[Task statement]: With pictures omitted, copy exactly every line from the one that contains "Scenic view of" to the end of the listing below.

BEGIN Data block

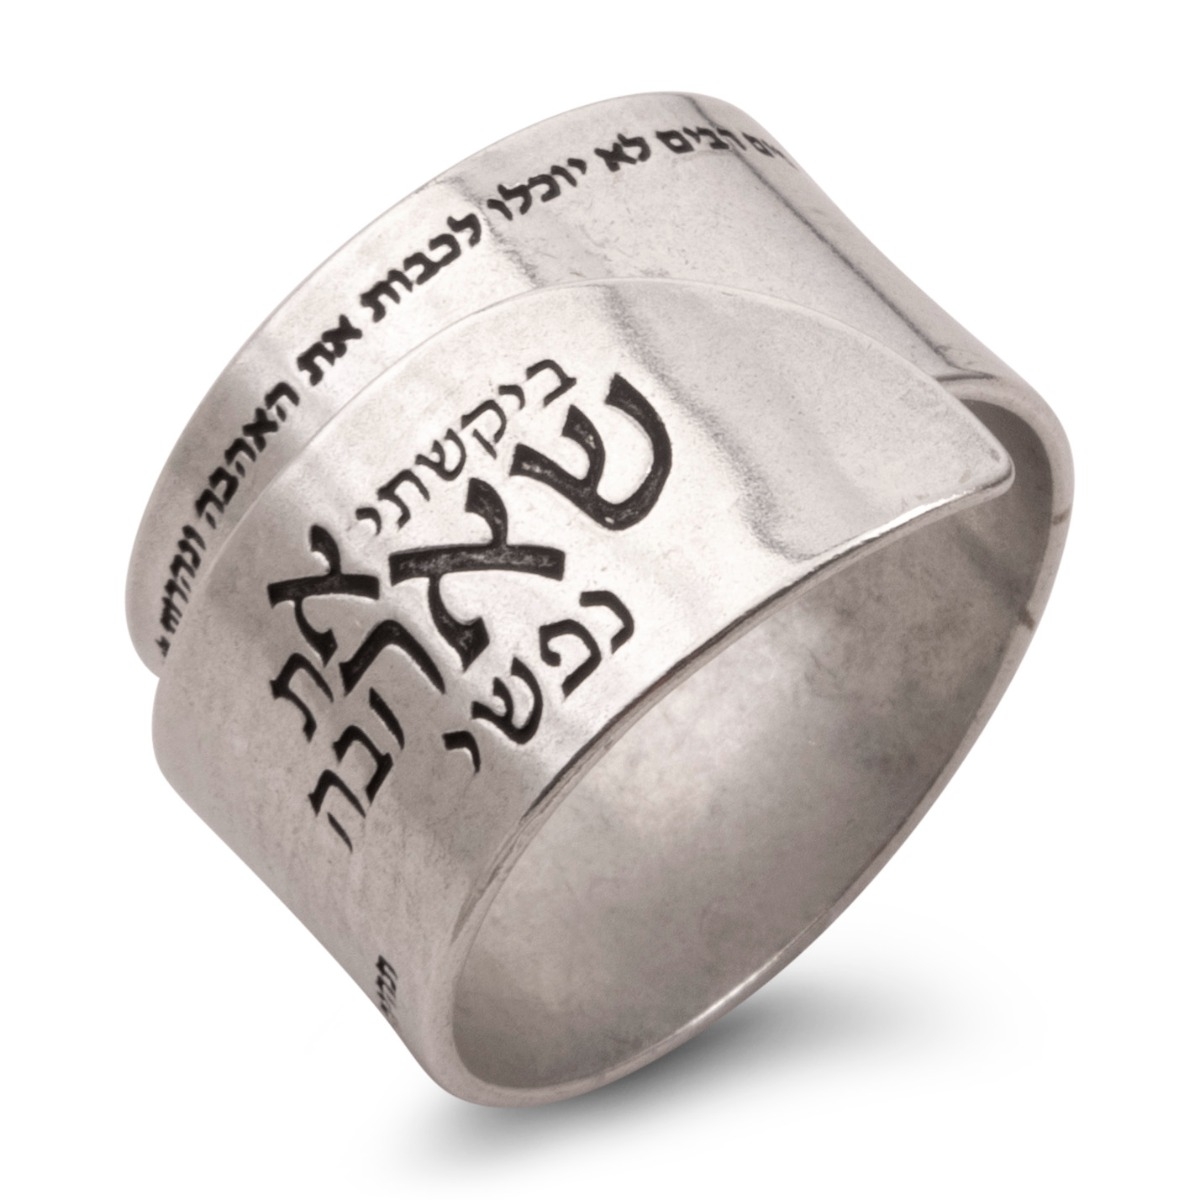 Handmade Blackened 925 Sterling Silver Adjustable Unisex Ring – The One My Soul Loves (Song of Songs 3:1) - 1
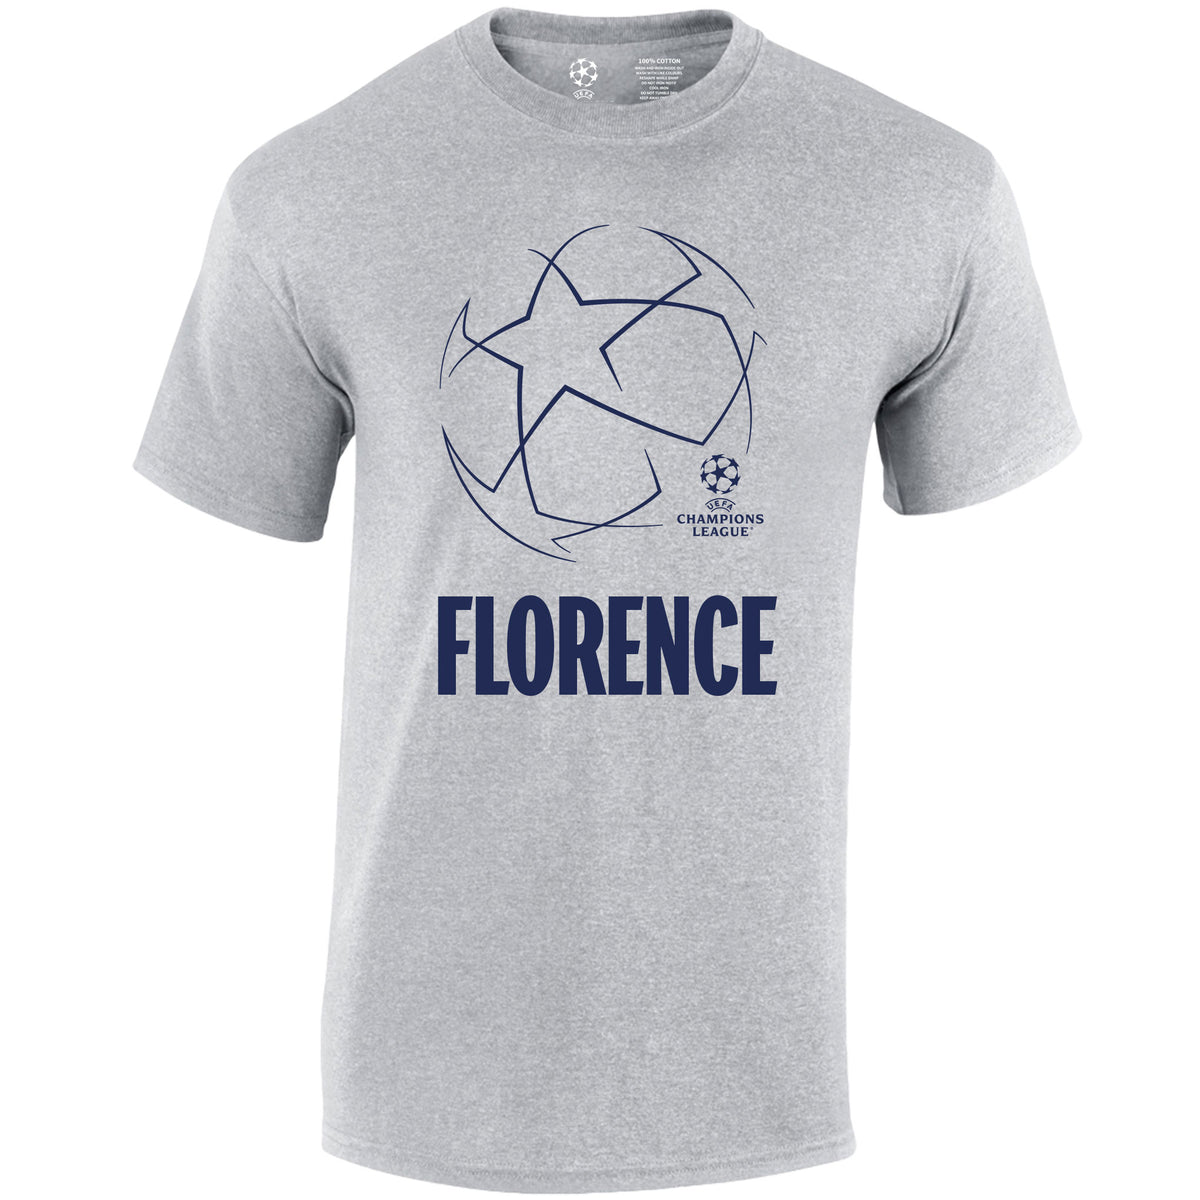 Champions League Starball Florence City T-Shirt Grey
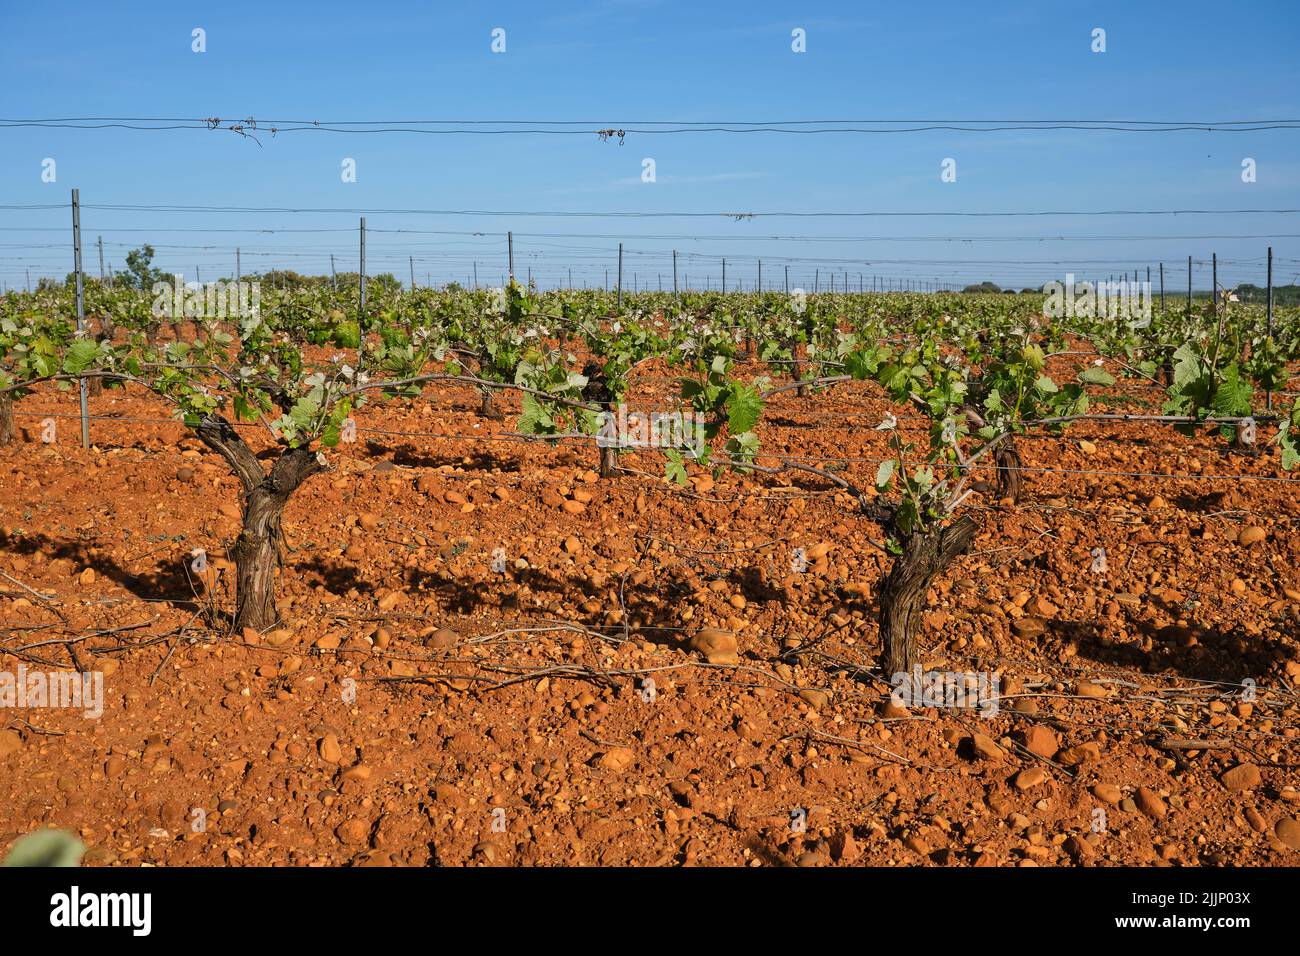 Scenic view of agricultural field with rows of grapes growing under blue sky in countryside in summer Stock Photo
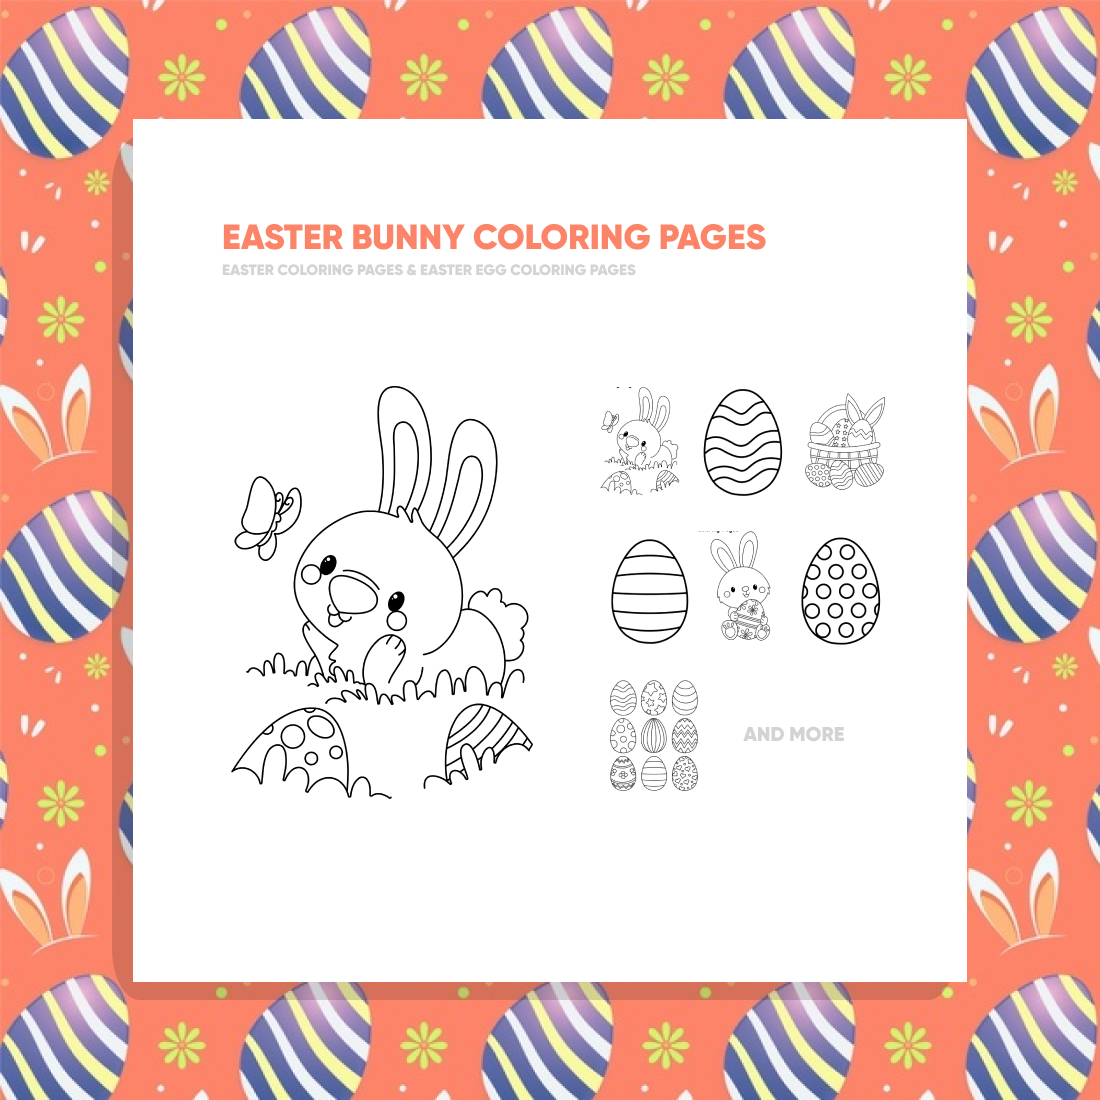 Easter Bunny Coloring Pages cover image.

END Data block

[Solution]:
 Scenic view of agricultural field with rows of grapes growing under blue sky in countryside in summer Stock Photo
 Easter Bunny Coloring Pages cover image.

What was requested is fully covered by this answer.